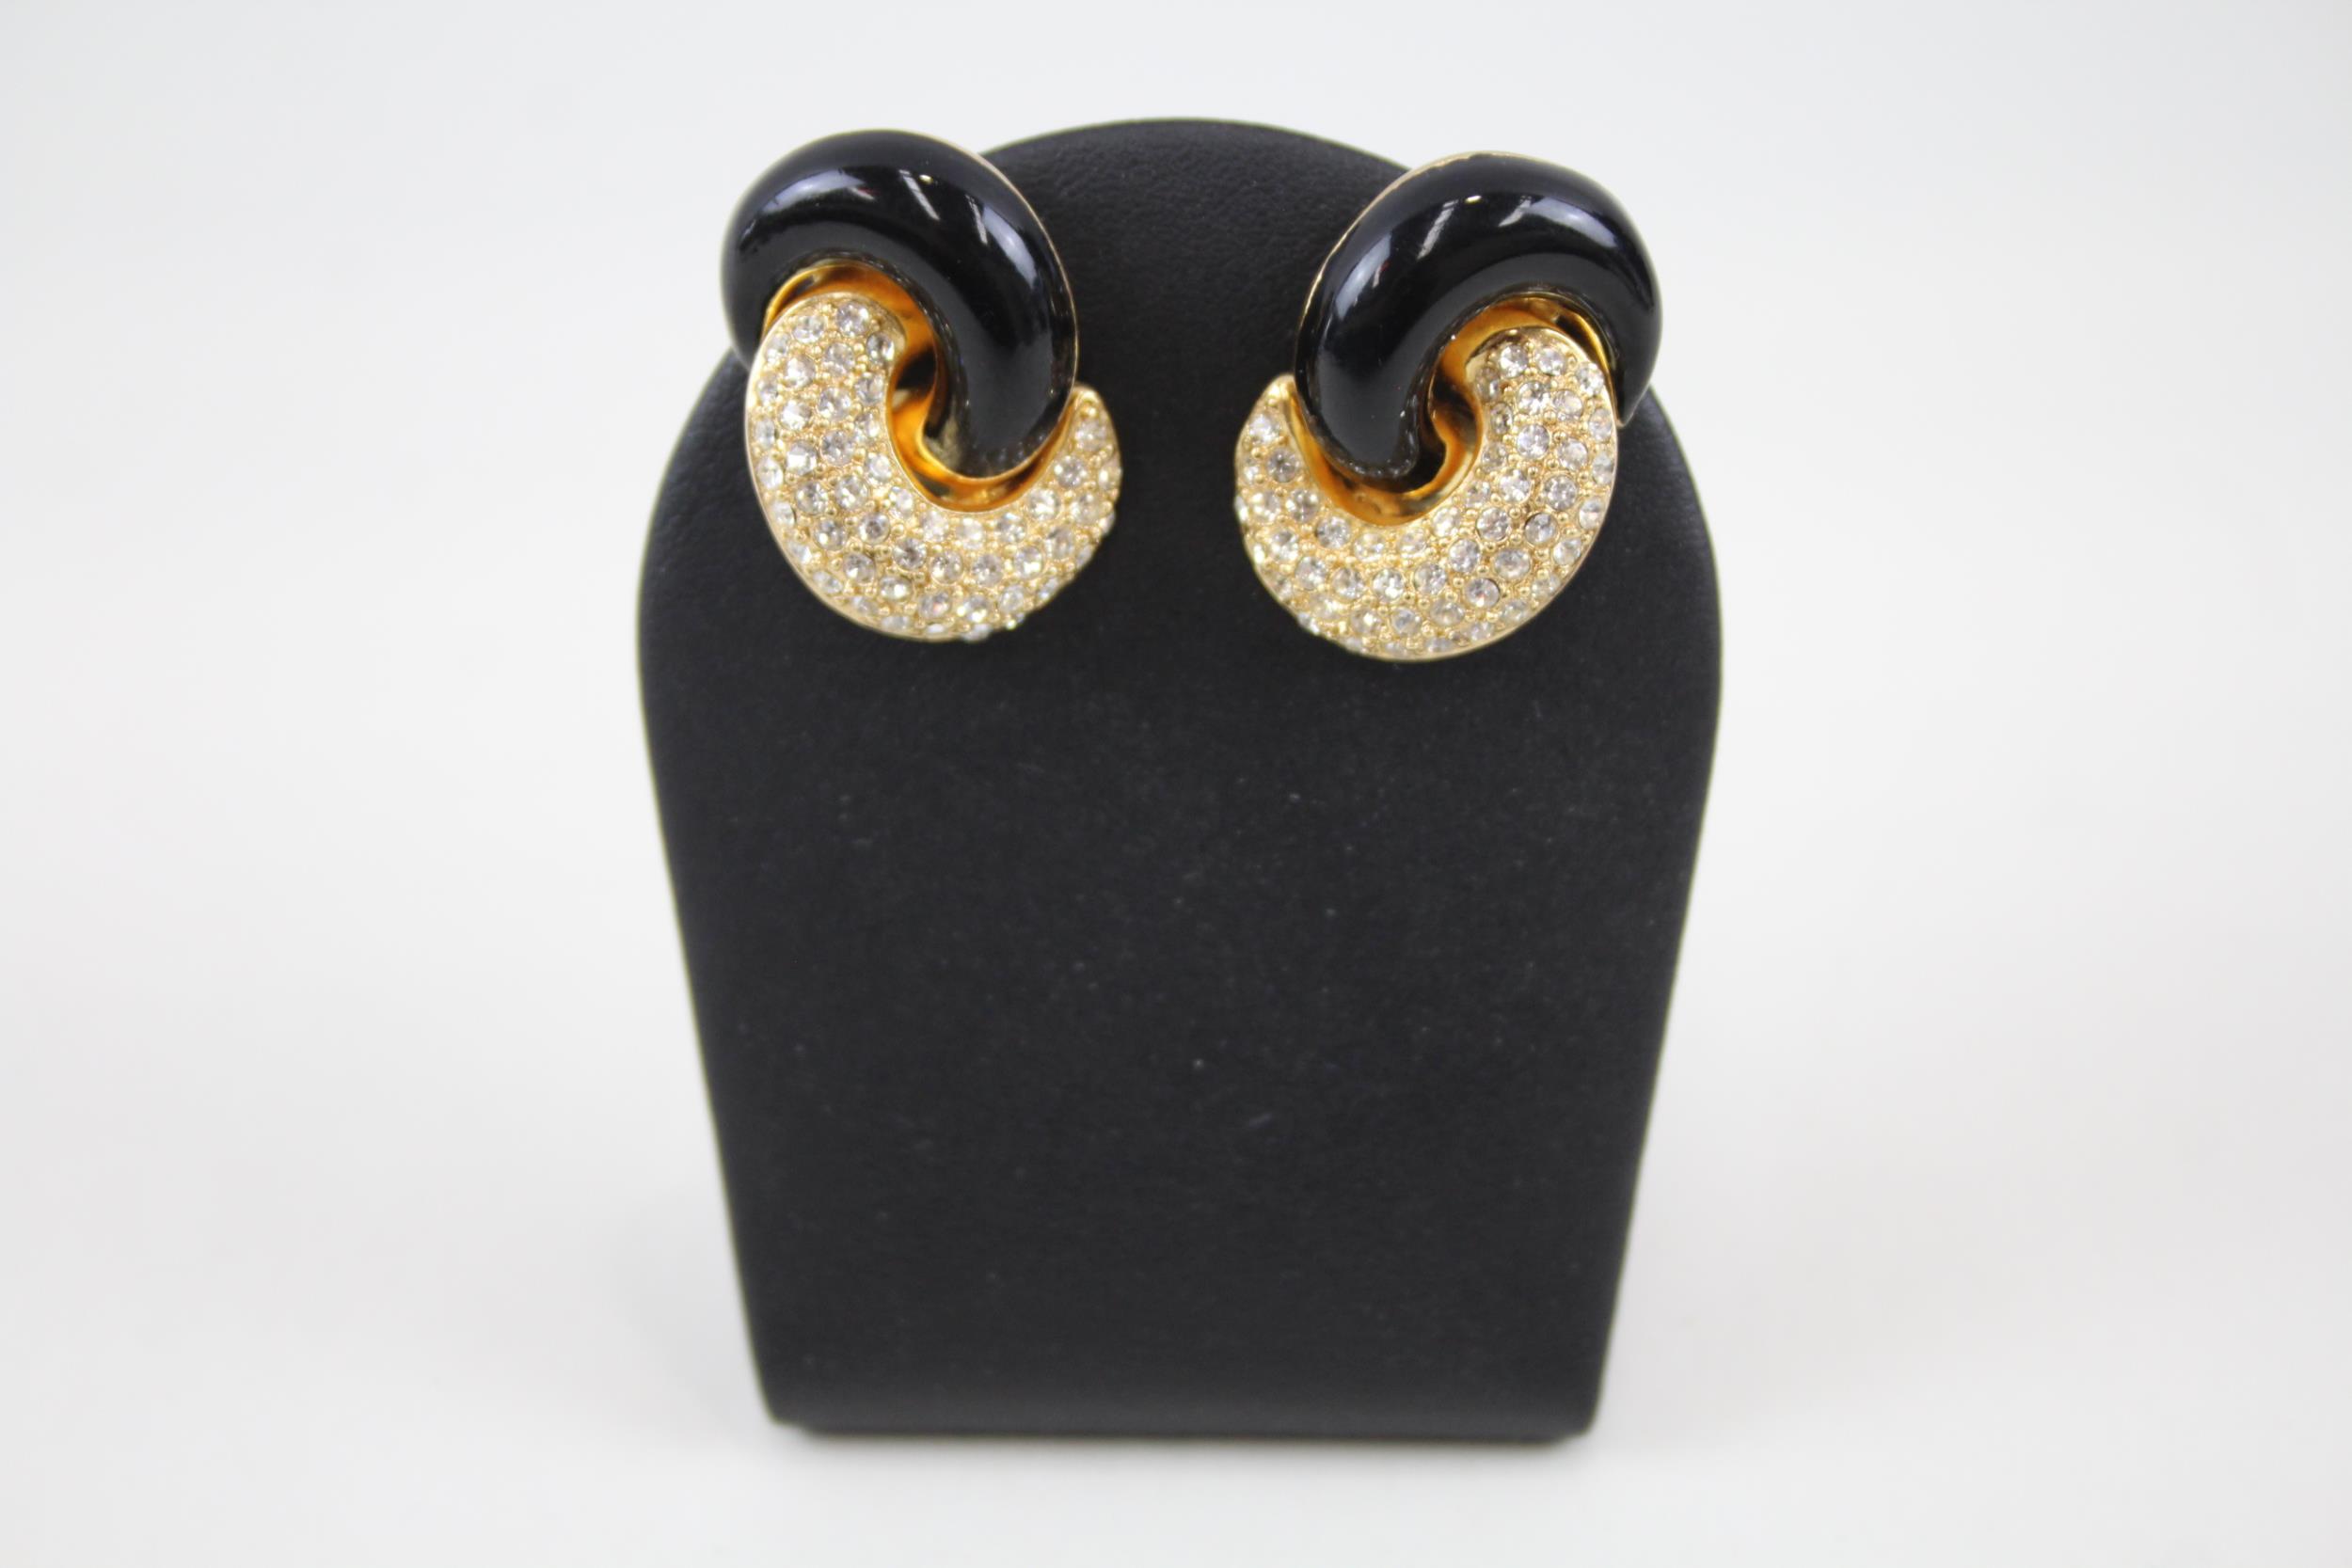 Pair of gold tone enamel and rhinestone clip on earrings by designer Christian Dior (23g)
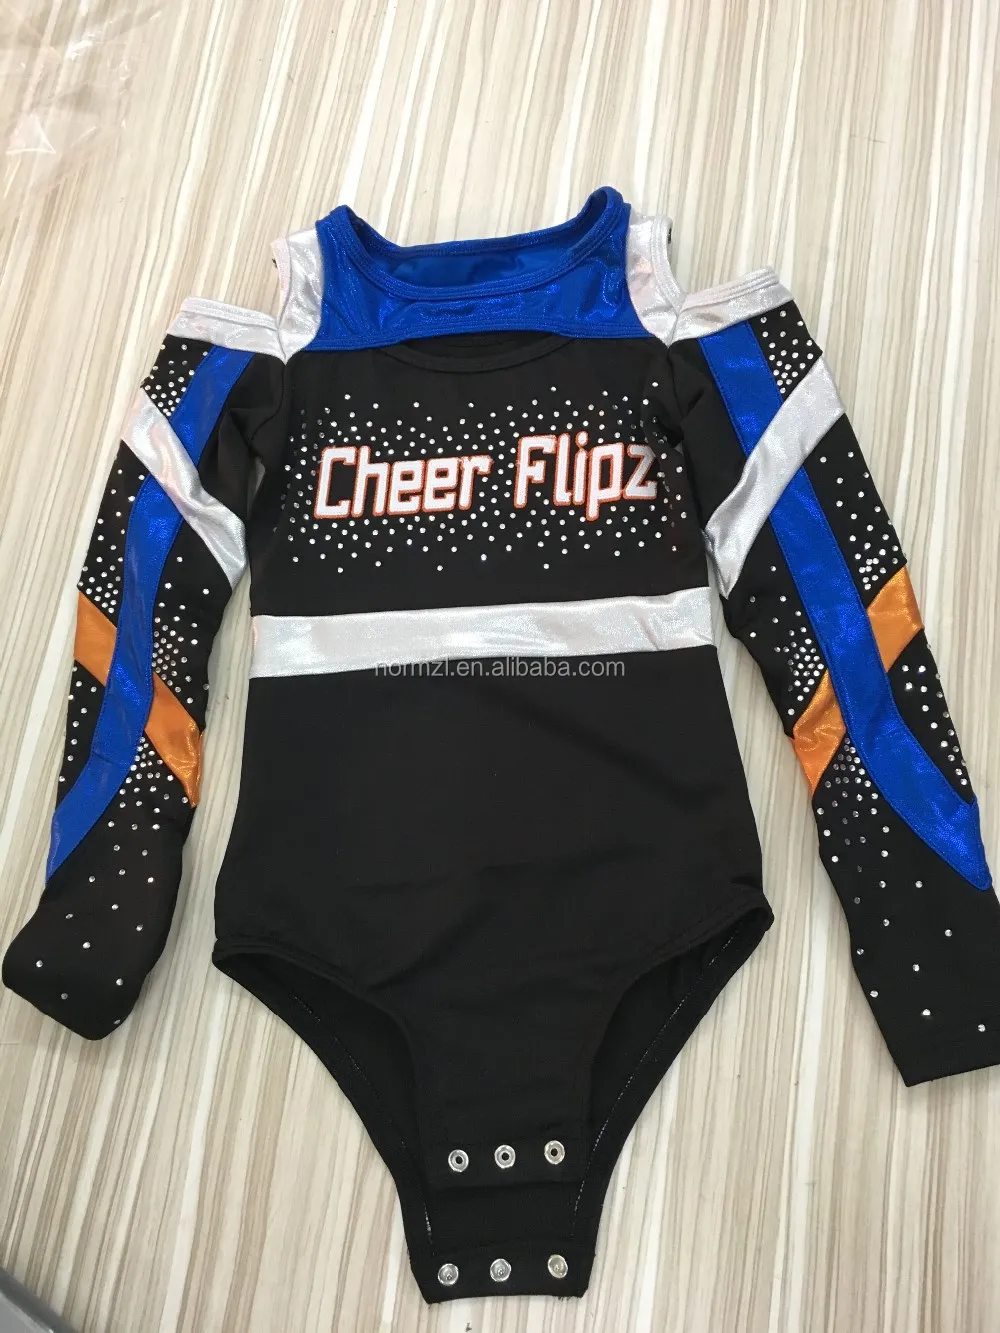 sparkle one piece cheer outfit
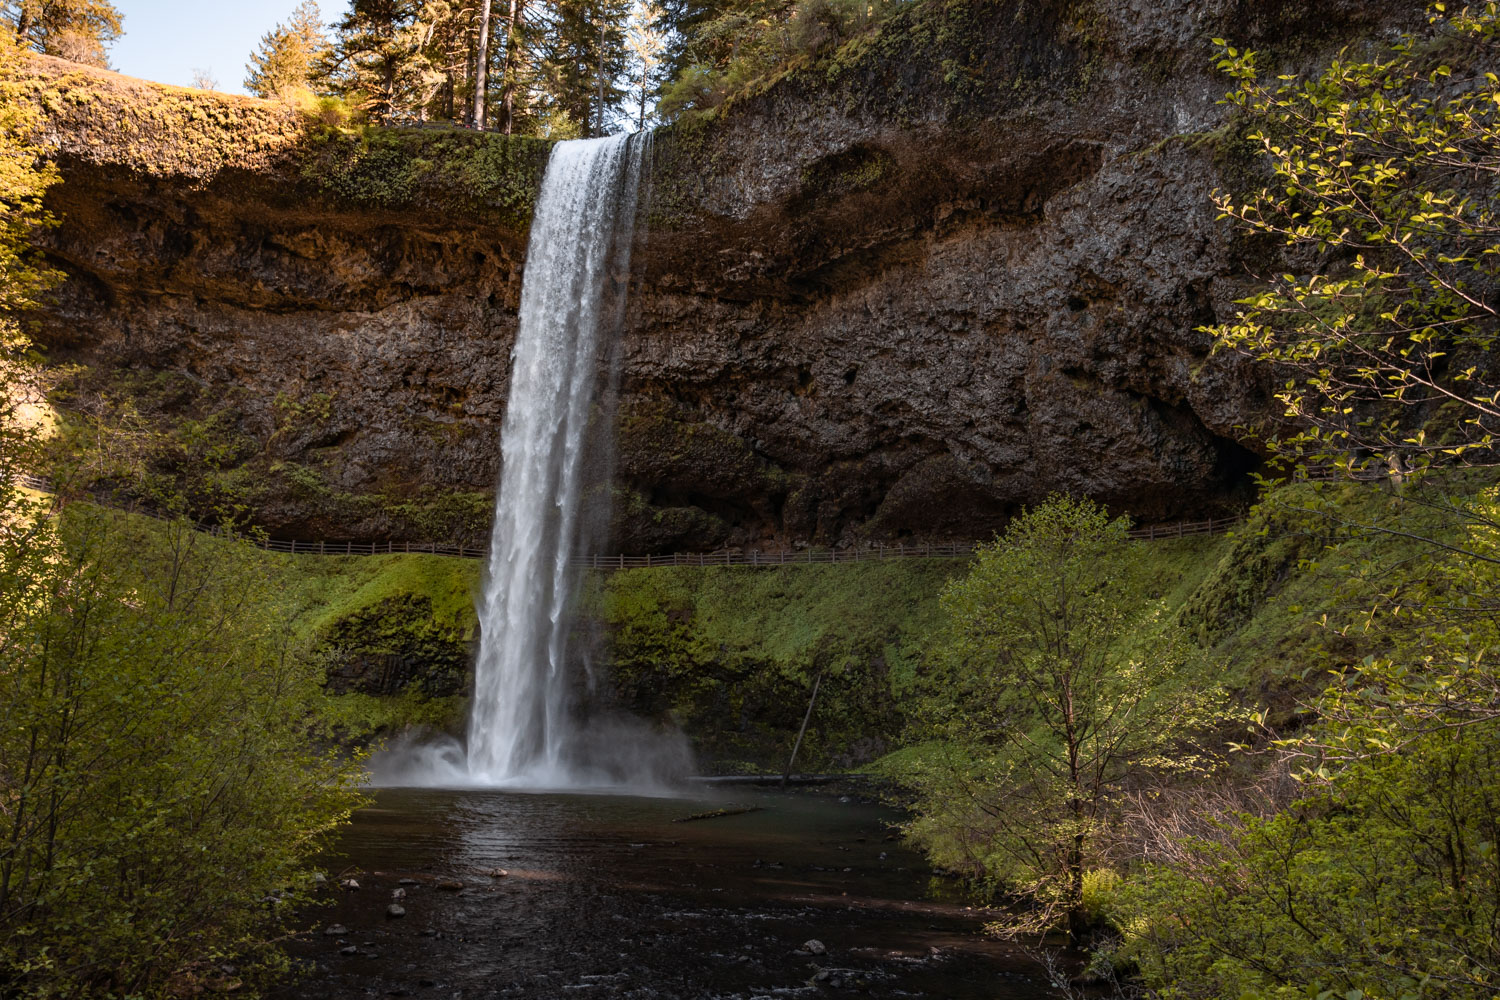 South Falls in Silver Falls State Park on the Trail of Ten Falls
+ + + +
From the first line to the last, retype the material exactly and exclude the pictures.

 Pair of gold tone enamel and rhinestone clip on earrings by designer Christian Dior (23g)
 sparkle one piece cheer outfit
 South Falls in Silver Falls State Park on the Trail of Ten Falls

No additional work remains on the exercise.